The net proceeds to the Company will be approximately $11.2 million, after deducting the underwriter’s commissions and excluding estimated offering expenses. The Company expects to use the net proceeds from the Offering for organic business opportunities, product development, general corporate purposes, working capital and capital expenditures.
The closing of the Offering is scheduled to occur on or about October 2, 2015. The Underwriting Agreement requires us to indemnify the underwriter against certain liabilities, including liabilities under the Securities Act of 1933, as amended, or to contribute to payments that the underwriter may be required to make because of such liabilities.
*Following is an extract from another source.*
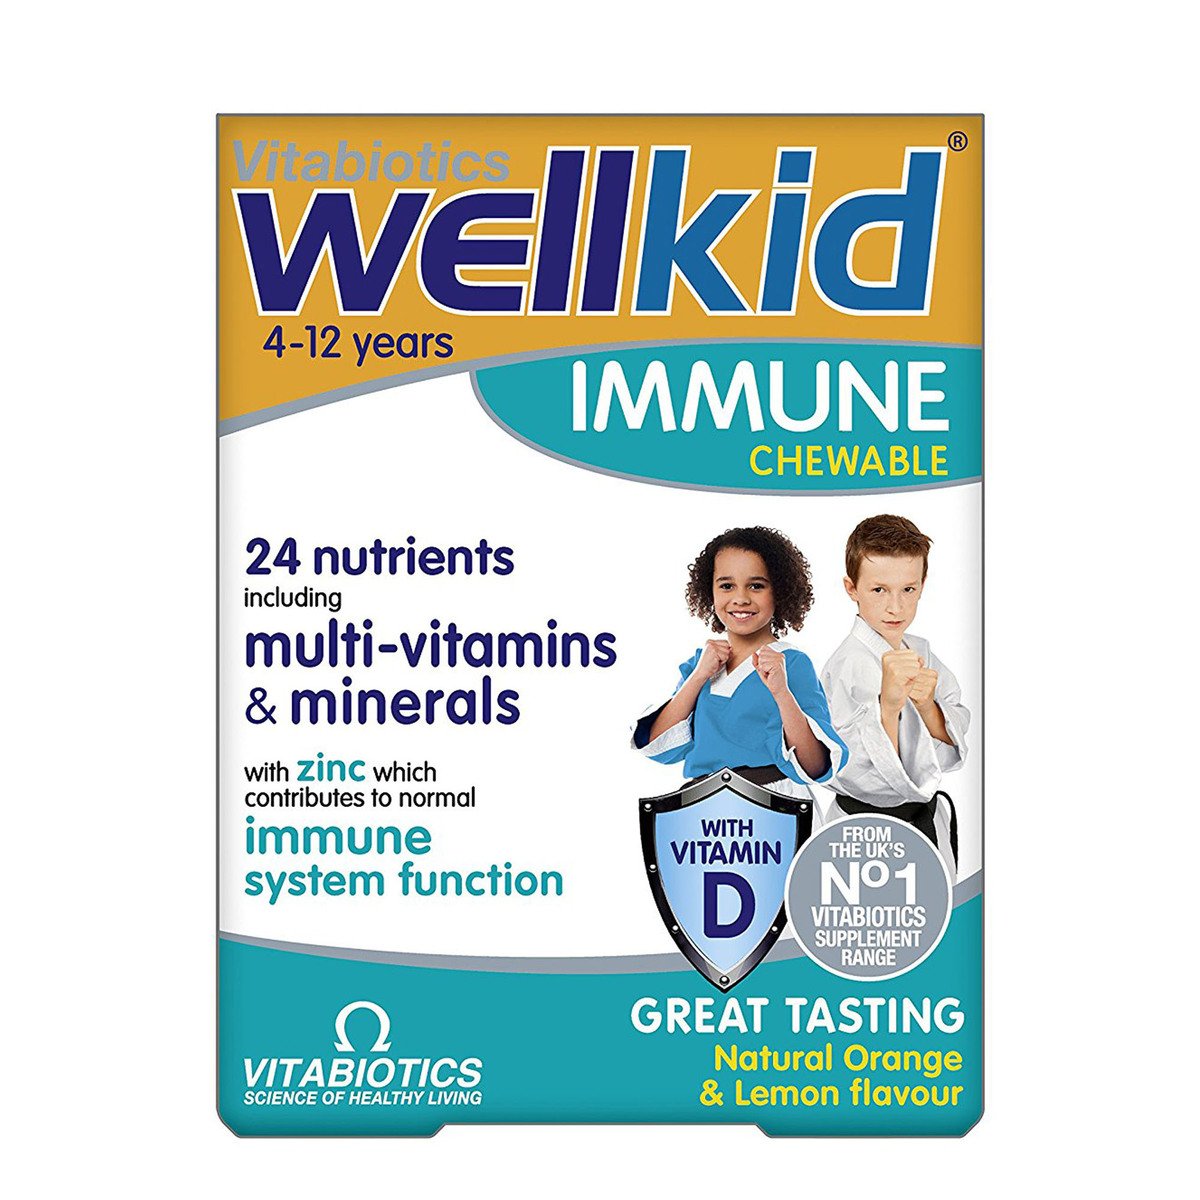 Vitabiotics Wellkid Immune Chewable For 4-12 Years Old 30 pcs

The Offering is being conducted pursuant to the Company’s registration statement on Form S-3, as amended (File No. 333-202862), which became effective on April 24, 2015, and a related prospectus supplement dated September 29, 2015 filed with the Securities and Exchange Commission pursuant to Rule 424(b)(5) under the Securities Act of 1933, as amended.
The foregoing summary of the Underwriting Agreement is subject to, and qualified in its entirety by, such document incorporated herein as Exhibit 1.1, which is incorporated herein by reference. A copy of the opinion of Manatt, Phelps & Phillips, LLP relating to the legality of the issuance of the shares of Common Stock is attached hereto as Exhibit 5.1. The representations and warranties contained in the Underwriting Agreement are not for the benefit of any party other than the parties to such agreement and are not intended as a document for investors or the public generally to obtain factual information about us.
Item 7.01 | Regulation FD |
The Company issued press releases announcing the Offering on September 28, 2015 and pricing of the Offering on September 29, 2015, incorporated herein as Exhibits 99.1 and 99.2, respectively.
Item 8.01 | Other Events |
The information set forth in Item 1.01 is incorporated herein by reference.
Item 9.01 | Financial Statements and Exhibits |
(d) Exhibits
Exhibit No. | Description | |
1.1 | Underwriting Agreement, dated as of September 29, 2015 | |
5.1 | Opinion of Manatt, Phelps & Phillips, LLP | |
23.1 | Consent of Manatt, Phelps & Phillips, LLP (included in Exhibit 5.1) | |
99.1 | Press Release September 28, 2015 | |
99.2 | Press Release September 29, 2015 |
SIGNATURES
Pursuant to the requirements of the Securities Exchange Act of 1934, the Registrant has duly caused this report to be signed on its behalf by the undersigned thereunto duly authorized.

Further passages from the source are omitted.